RECORDED INFORMATION —
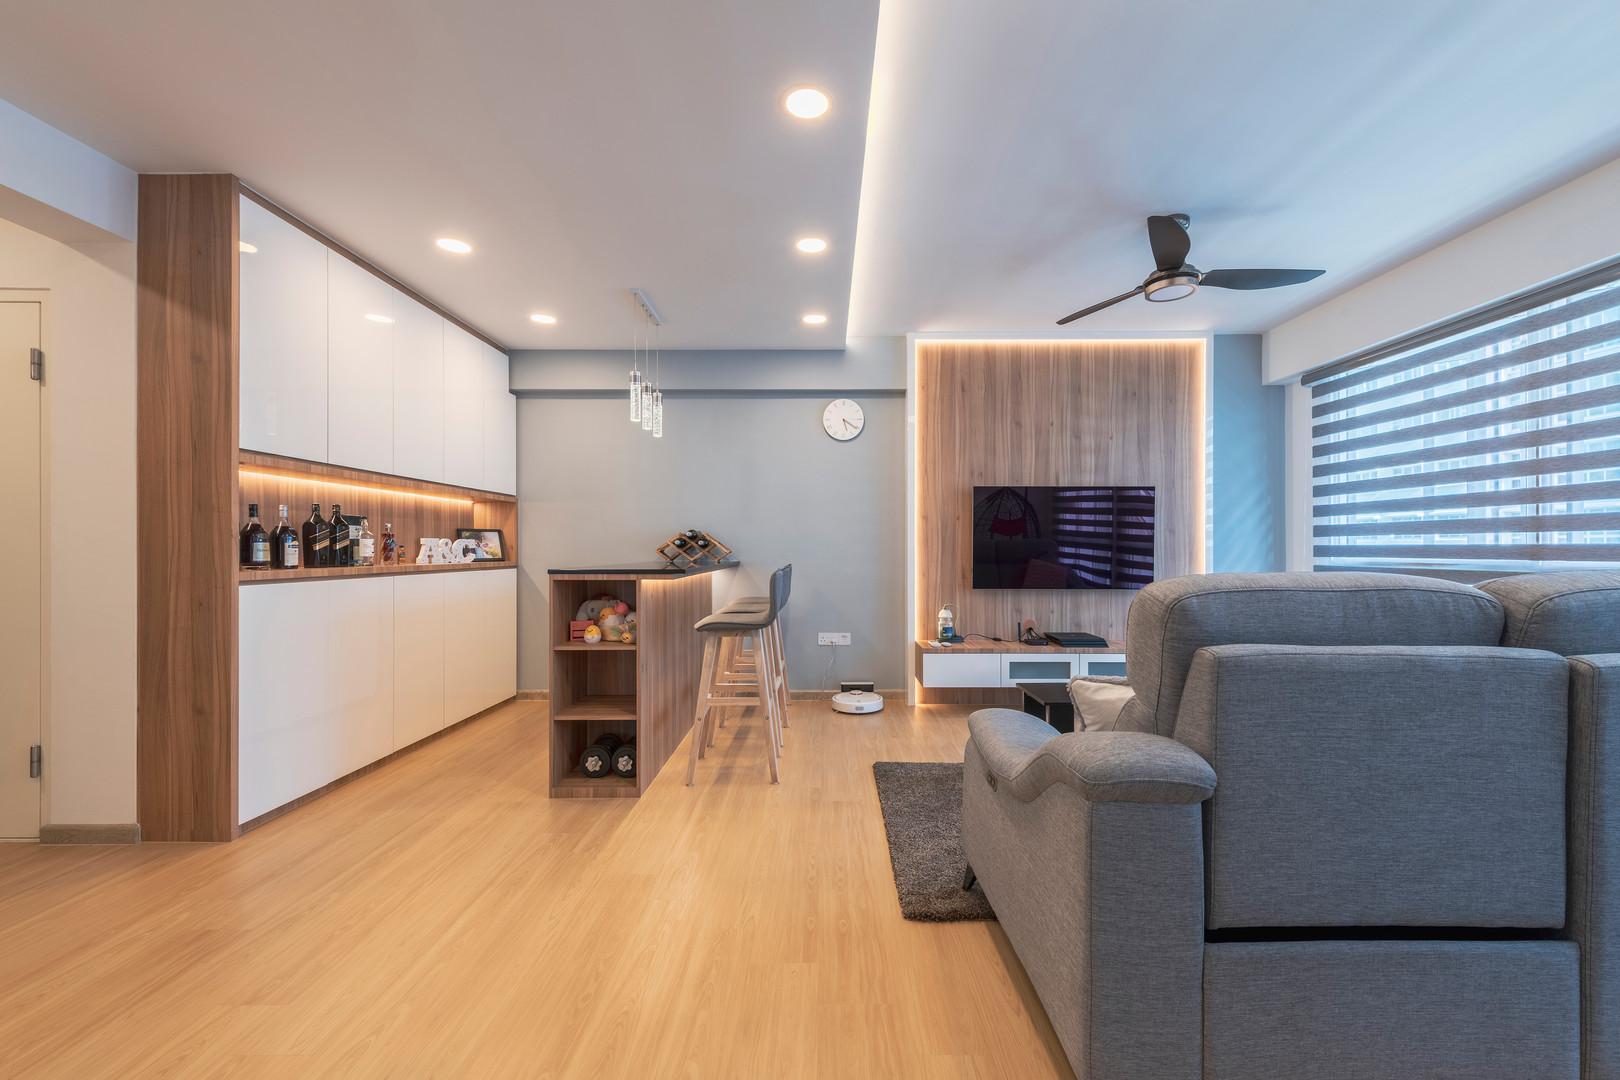 Whole living hall
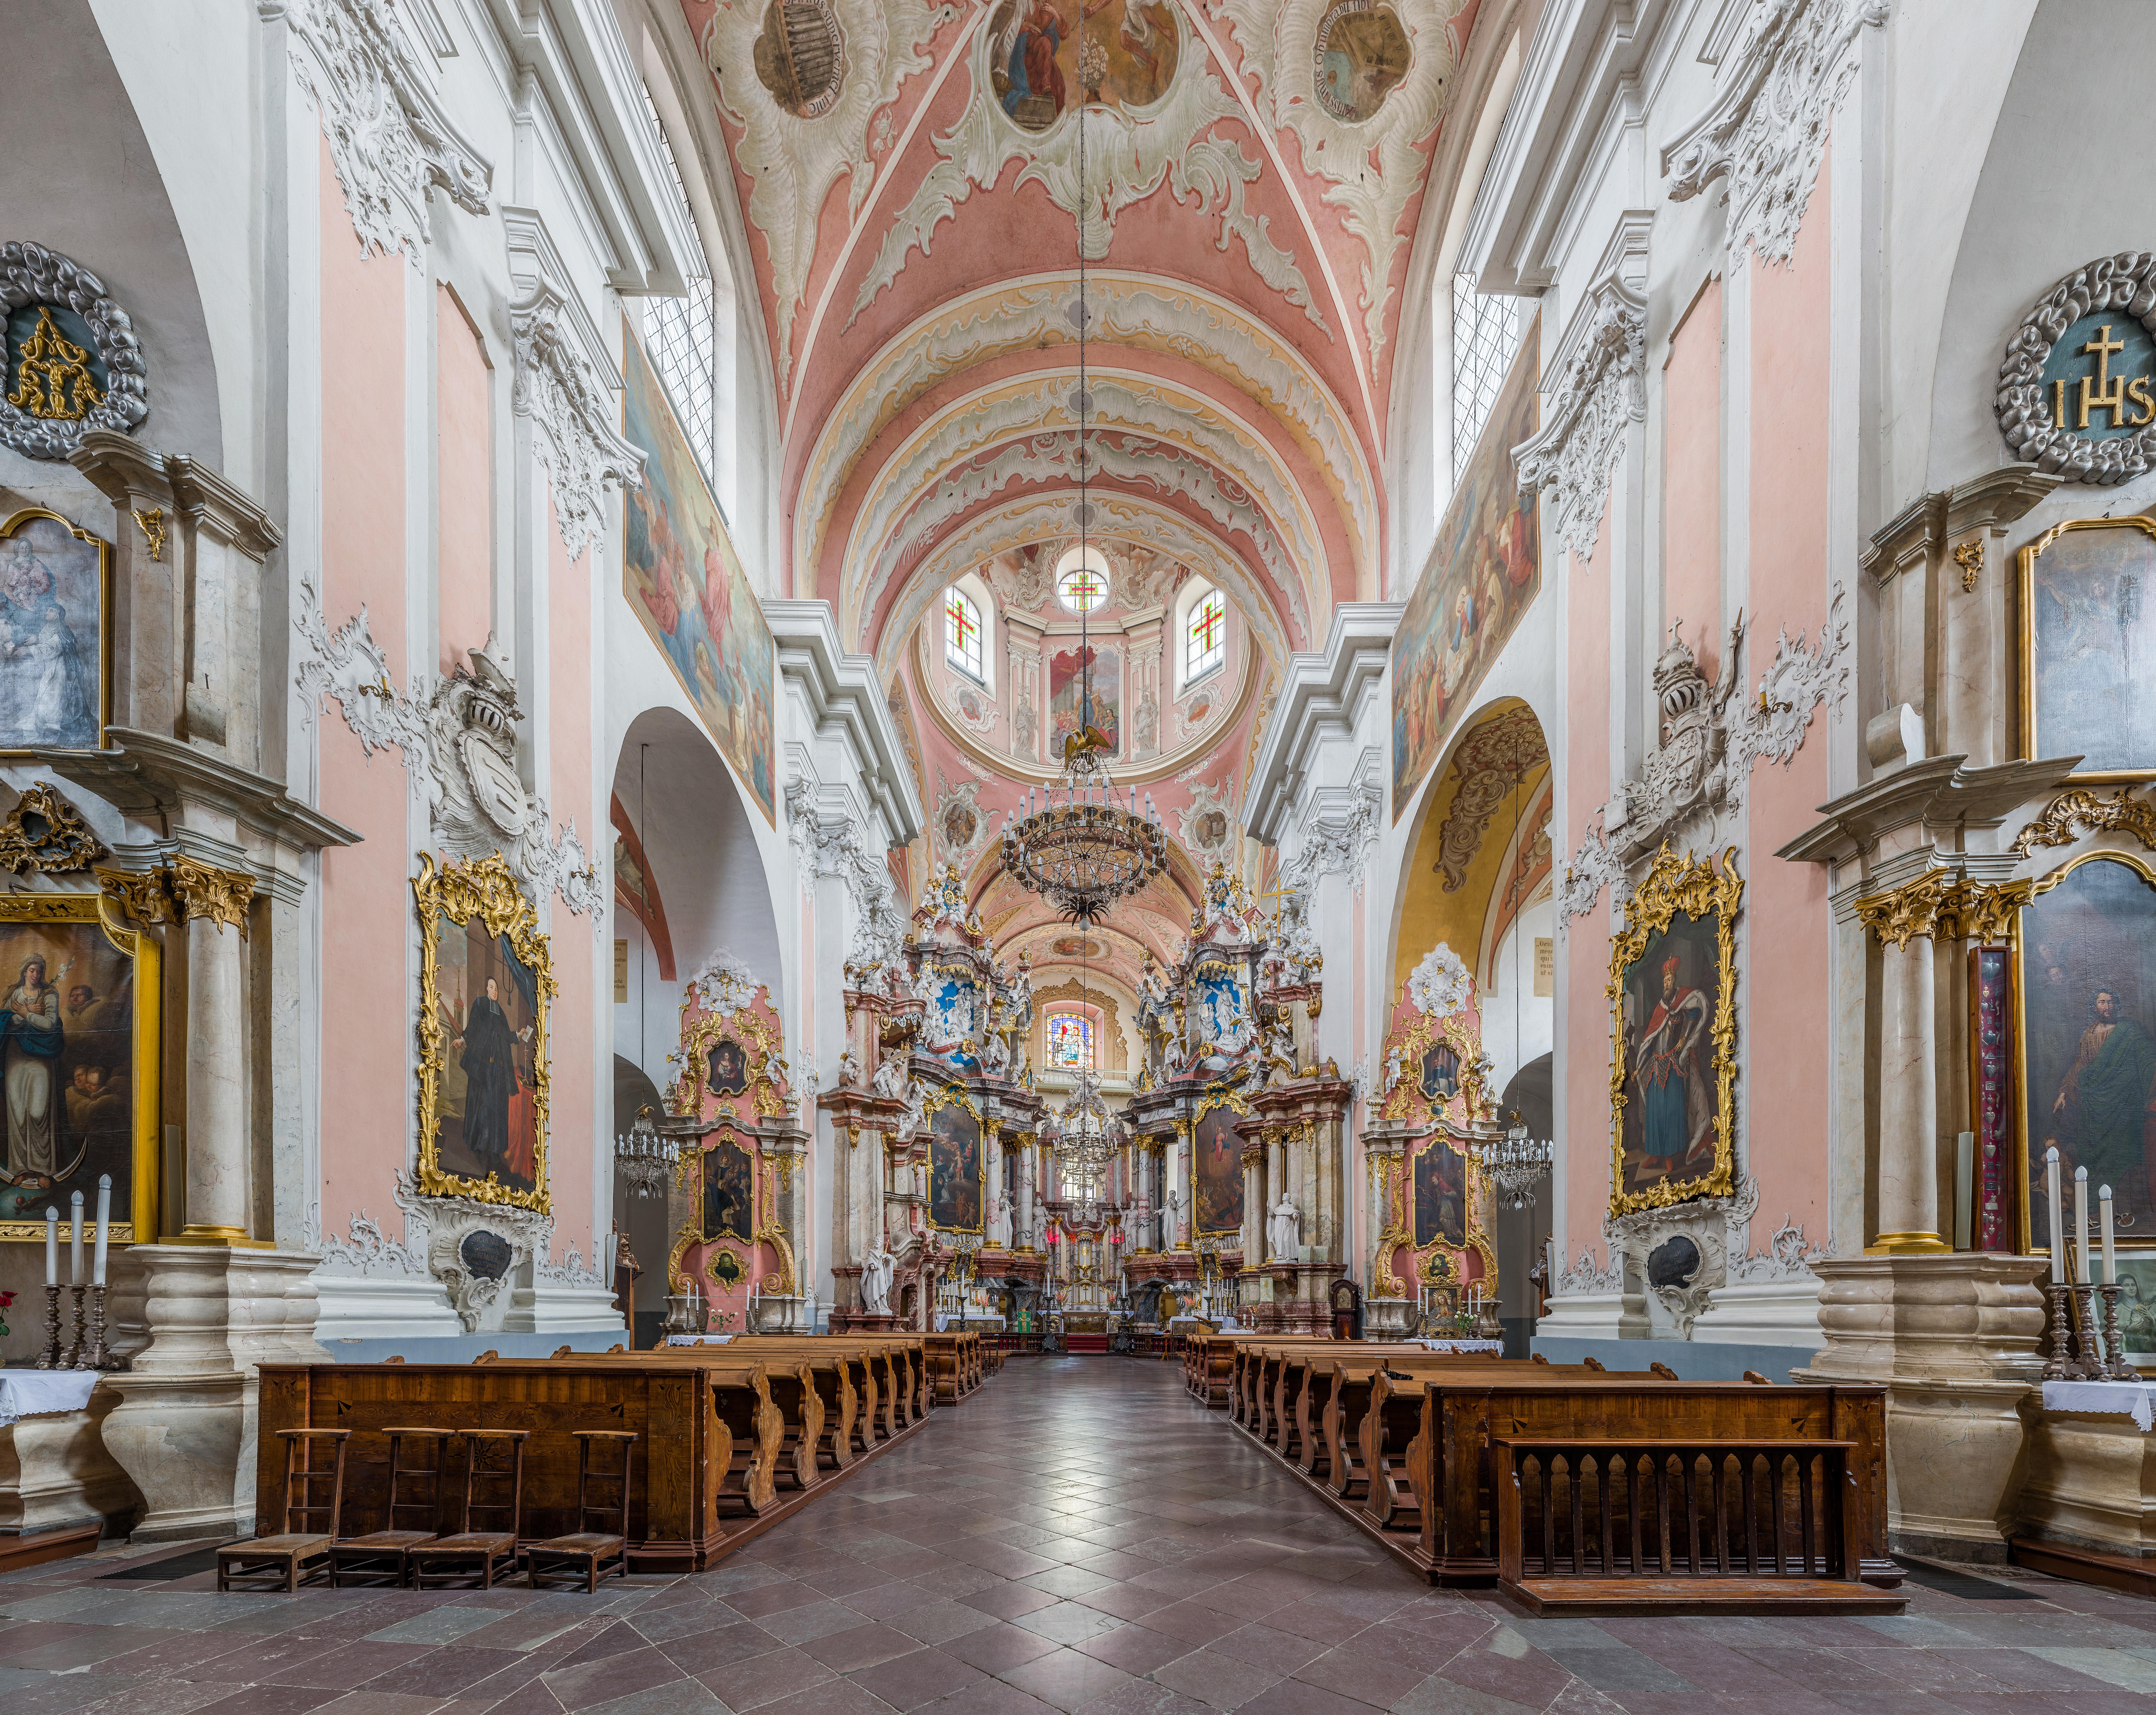 Dominican_Church_of_the_Holy_Spirit%2C_Vilnius%2C_Lithuania_-_Diliff.jpg
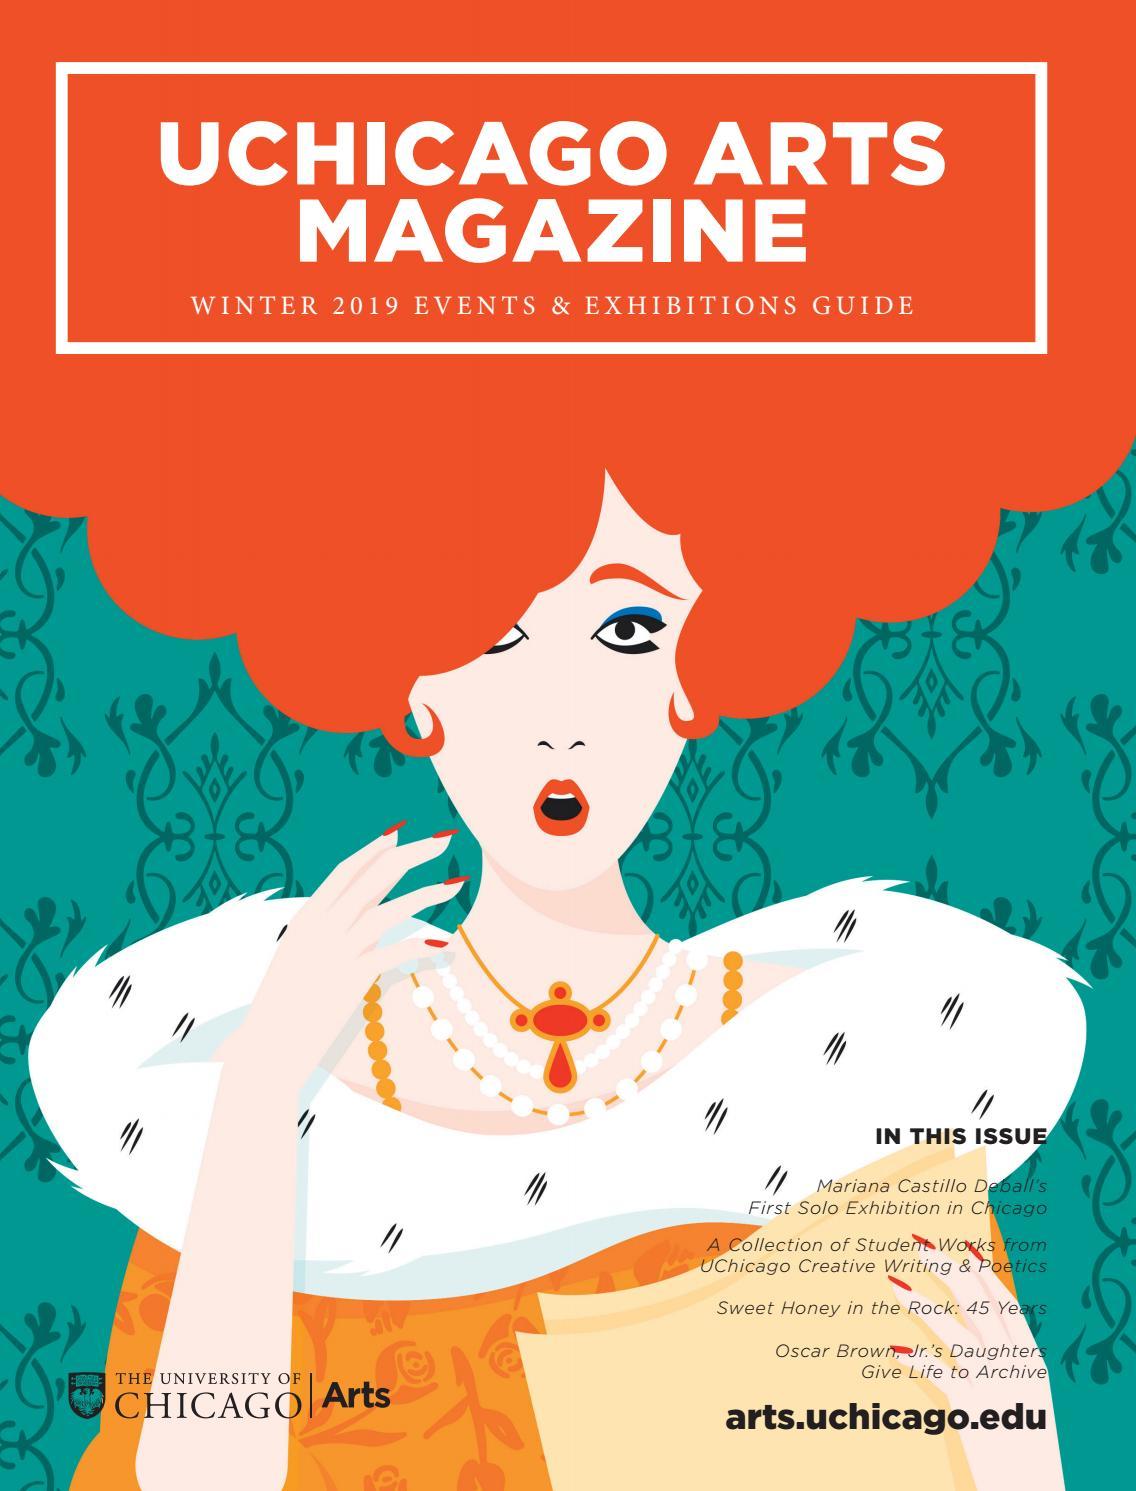 f4f2bf46e48 Winter 2019 UChicago Arts Magazine by UChicagoArts - issuu

TO DO —
Output everything in the material exactly. Pictures stay out of it.

WRITTEN SOLUTION —
 Whole living hall
 Dominican_Church_of_the_Holy_Spirit%2C_Vilnius%2C_Lithuania_-_Diliff.jpg
 f4f2bf46e48 Winter 2019 UChicago Arts Magazine by UChicagoArts - issuu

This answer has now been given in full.